When I recovered from her death in the crudest sense I started to see her in the streets, always fleetingly, ahead of me, her back to me, disappearing into the crowd. I am told this is common. I see her still, though less often, and still for a second I believe it is her. I have from time to time found something of hers among my possessions. Always something trivial. Once I opened an old notebook and a slip of paper fell out, pristine, the ink firm not faded. She had left it at my seat in the British Library five years earlier. It was an invitation to coffee at four o’clock. I’ll get my coat and a handful of small change and meet you in the crowded cafe and you’ll be there today won’t you, won’t you?

‘You’ll get over it …’ It’s the clichés that cause the trouble. To lose someone you love is to alter your life for ever. You don’t get over it because ‘it’ is the person you loved. The pain stops, there are new people, but the gap never closes. How could it? The particularness of someone who mattered enough to grieve over is not made anodyne by death. This hole in my heart is in the shape of you and no-one else can fit it. Why would I want them to?
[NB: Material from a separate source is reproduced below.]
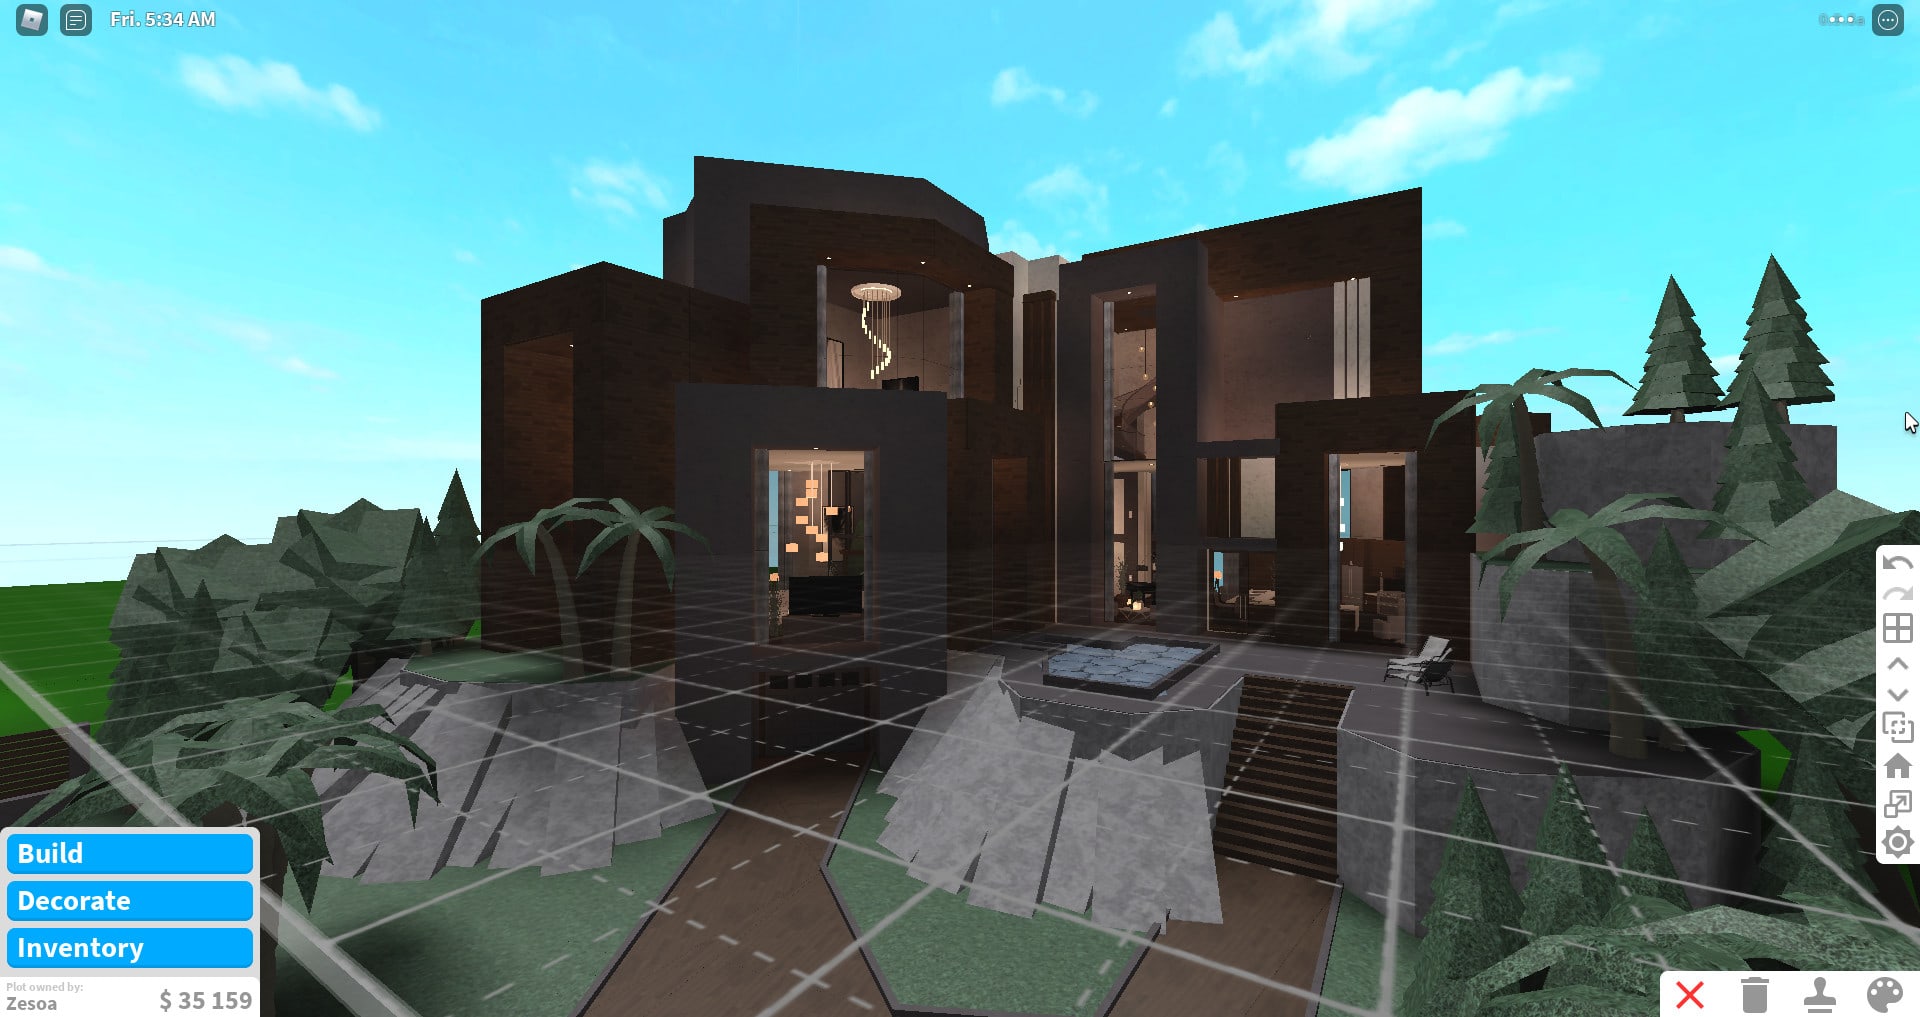 Build you a house from a speed build in roblox bloxburg by Blisscore_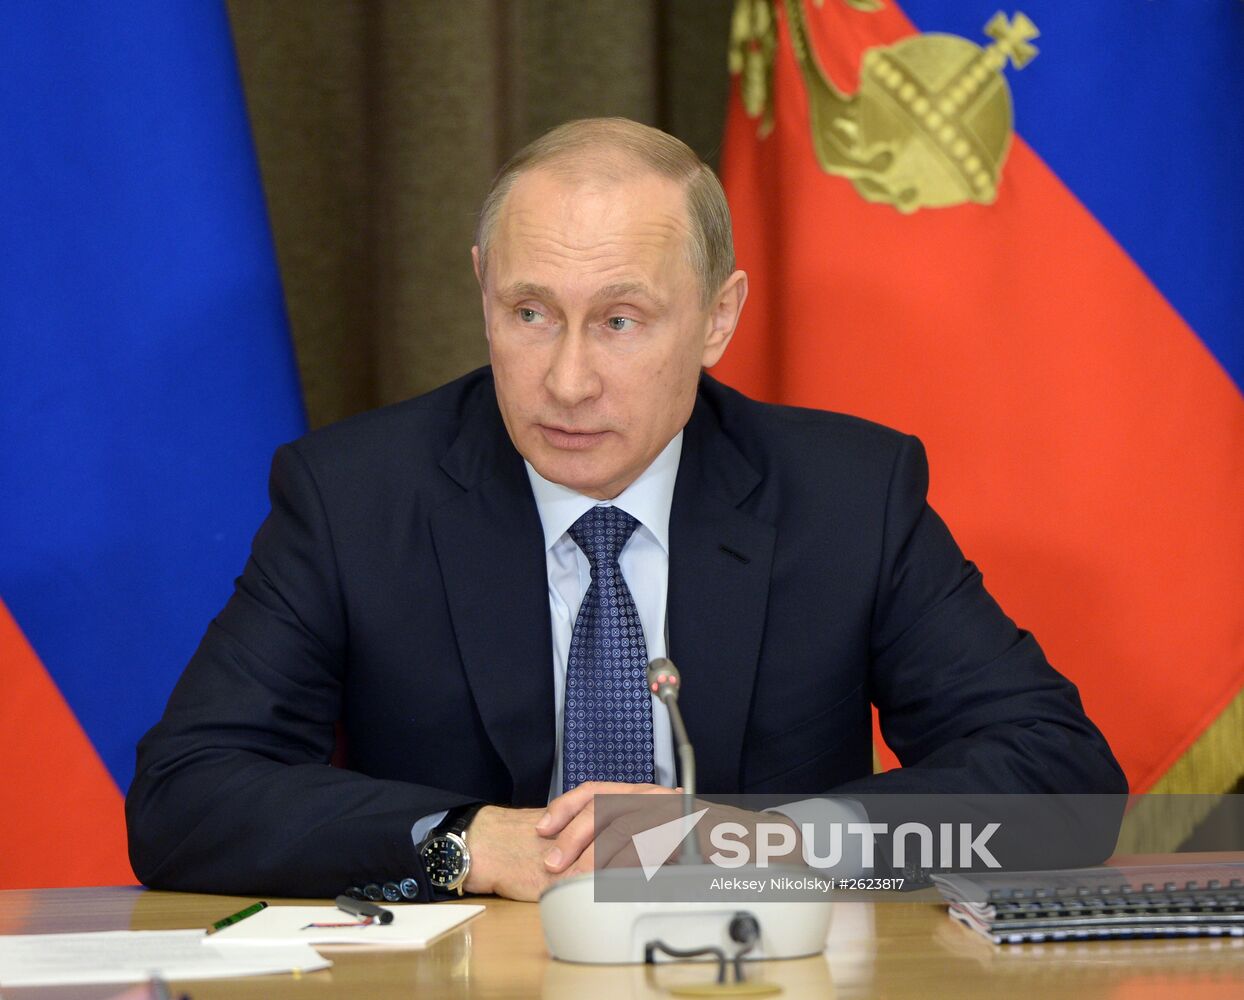 Russian President Vladimir Putin chairs meeting with senior Defense Ministry officials and defense-industry representatives

I’ve thought a lot about death recently, the finality of it, the argument ending in mid-air. One of us hadn’t finished, why did the other one go? And why without warning? Even death after long illness is without warning. The moment you had prepared for so carefully took you by storm. The troops broke through the window and
snatched the body and the body is gone. The day before the Wednesday last, this time a year ago, you were here and now you’re not. Why not? Death reduces us to the baffled logic of a small child. If yesterday why not today? And where are you?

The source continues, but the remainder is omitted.